In this article we will discuss about the limitations of economic income.
Economic income has several difficulties. In fact there is no agreement as to the meaning of “better offness” that occurs in specific time periods. Also, this term is not well defined in case of business enterprises. The greatest problem lies in measuring the net assets at the beginning and end of the period, which are required to ascertain income.
Several methods of valuation of assets may be suggested:
(i) Capitalisation of the expected future net cash flows or services to be received over the life of the firm,
(ii) Aggregation of selling prices of the several assets of the firm less the total of the liabilities,
(iii) Valuation of the firm on the basis of current share market prices applied to the total equity outstanding, and
(iv) Valuation of the firm by using either historical or current cost for non-monetary assets and adding the present cash value of monetary assets and subtracting liabilities.
In certainty, the cash flows and benefits could be determined with accuracy. But certainty is a rare factor, and the expected future cash flows upon which income exante (income at the beginning) and ex-post (income at the end) depend, are subject to a great deal of uncertainty.
In practice, the economic income would be subject to extreme subjective-ness and inaccuracies of the predictions:
Secondly, there is a problem regarding the choice of the discount factor used in computing the present values of the future cash flows. Ideally, the discount factor should reflect accurately the time value of money.
If interest rates fluctuate during the time period considered for using the asset, the present values of the opening and closing capital will be distorted simply because the correct discount rate has not been used. The variations in the discount factors would lead inevitably to an increase in the subjective-ness of the resulting income figure; different discount factors produce entirely different measures of income.
Thirdly, accurate predictions about the timing of the receipt of future cash flows are difficult to make. Different times of cash flows produce different measures of capital, and thus different income figures. Inaccuracies in forecasting of realisation times will therefore produce corresponding inaccuracies in the income measure.

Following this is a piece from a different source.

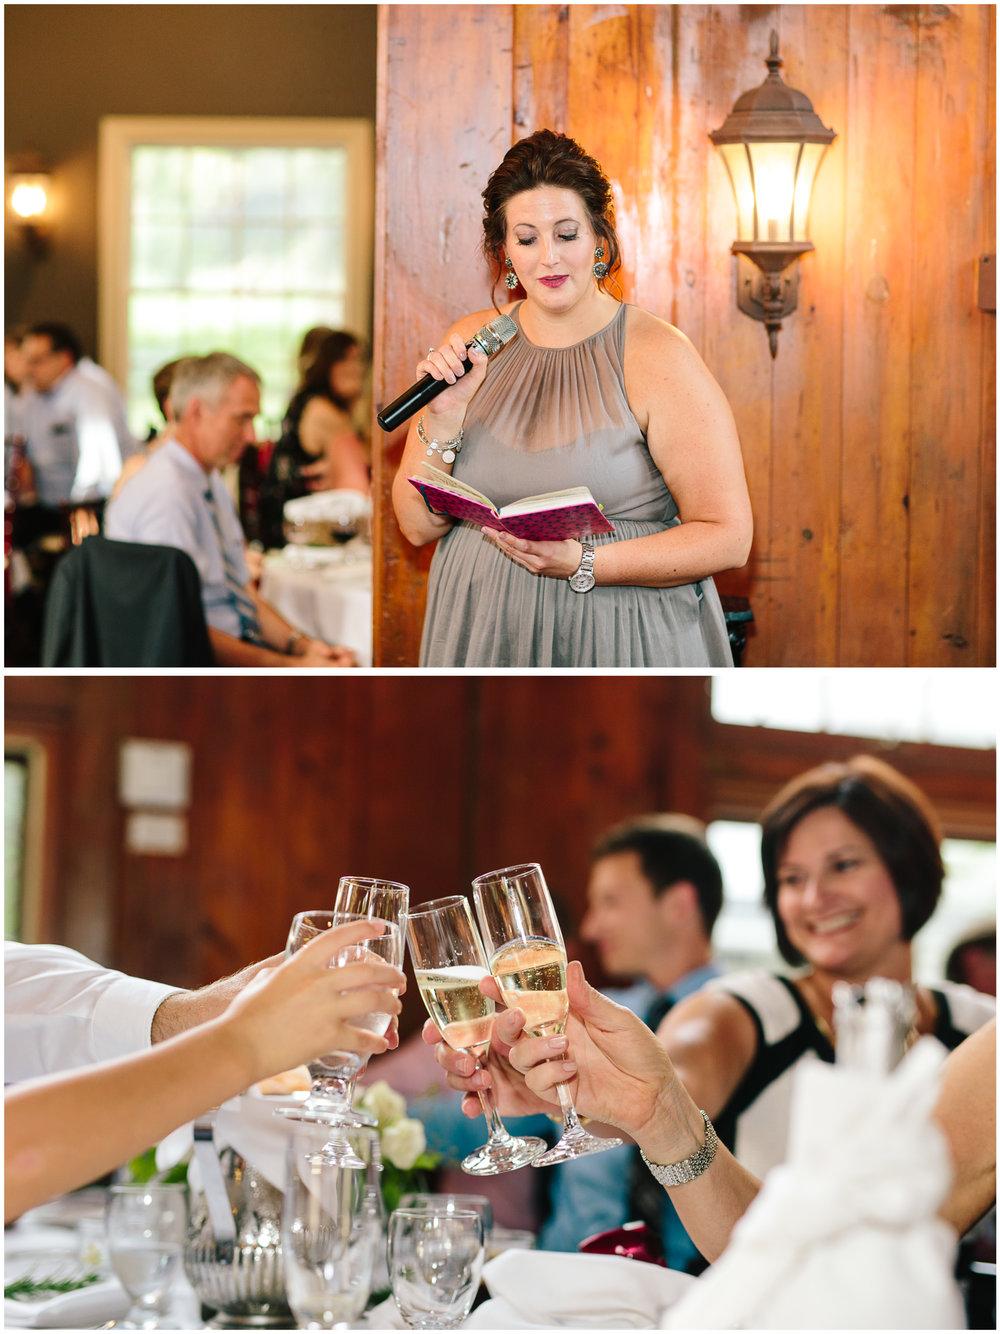 ann_arbor_michigan_wedding_86.jpg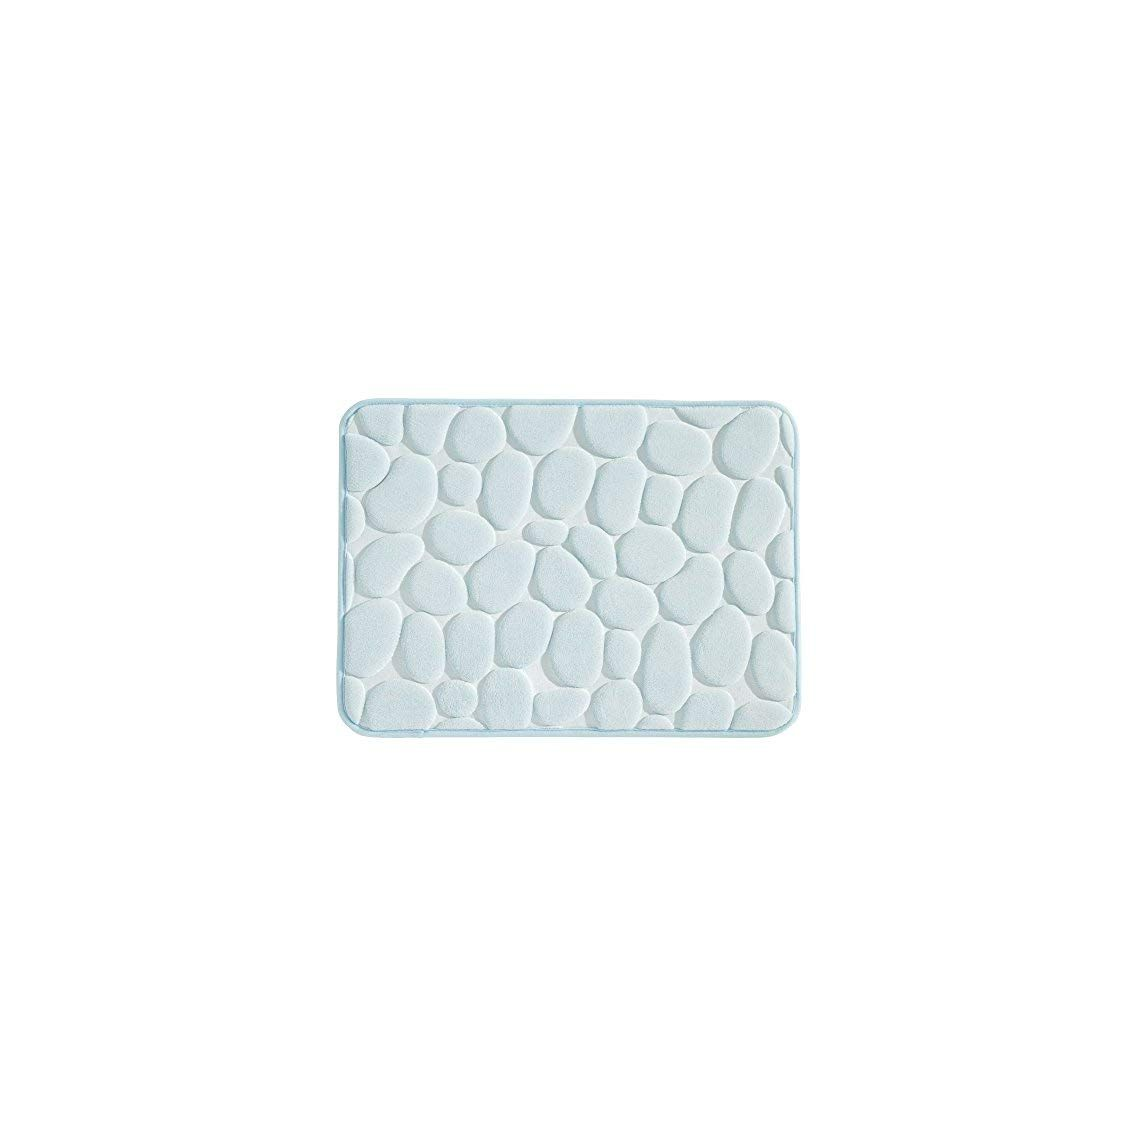 Mdesign Small Pebble Accent Rug Memory Foam Non Slip Bath Mat For

Fourthly, the economic income concept assumes a static situation, i.e., an individual or a business enterprise will attempt to maintain his “well offness” at a constant level. In fact, it seems reasonable to assume that individuals will, on the whole, attempt to maximise their “well offness” by investing capital in activities which will yield increasing benefits over time.
Therefore, in forecasting benefits and cash flows for discounting purposes, a significant problem would be to incorporate degree of growth in the cash flows. The choice of such a growth factor further increases the subjective-ness of the economic income.
Edwards and Bell call economic income ‘subjective income’ and observe that it cannot be satisfactorily applied in practice by business enterprises. The notion of “well offness” is indeed a matter of individuals’ personal preferences. Because of the aforesaid limitations, the concept of economic income has little application to the area of financial accounting and reporting.